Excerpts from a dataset
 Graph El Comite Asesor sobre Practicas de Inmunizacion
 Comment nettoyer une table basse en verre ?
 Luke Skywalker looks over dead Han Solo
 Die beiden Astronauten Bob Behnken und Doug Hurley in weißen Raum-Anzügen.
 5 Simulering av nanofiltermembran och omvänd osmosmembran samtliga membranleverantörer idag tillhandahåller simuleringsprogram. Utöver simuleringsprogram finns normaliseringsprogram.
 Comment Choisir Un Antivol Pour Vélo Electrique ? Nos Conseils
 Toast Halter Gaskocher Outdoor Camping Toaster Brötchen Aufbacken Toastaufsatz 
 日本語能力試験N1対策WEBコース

THE PROBLEM> Could you write out every entry above exactly as it appears?

REPLY>
 Graph El Comite Asesor sobre Practicas de Inmunizacion
 Comment nettoyer une table basse en verre ?
 Luke Skywalker looks over dead Han Solo
 Die beiden Astronauten Bob Behnken und Doug Hurley in weißen Raum-Anzügen.
 5 Simulering av nanofiltermembran och omvänd osmosmembran samtliga membranleverantörer idag tillhandahåller simuleringsprogram. Utöver simuleringsprogram finns normaliseringsprogram.
 Comment Choisir Un Antivol Pour Vélo Electrique ? Nos Conseils
 Toast Halter Gaskocher Outdoor Camping Toaster Brötchen Aufbacken Toastaufsatz 
 日本語能力試験N1対策WEBコース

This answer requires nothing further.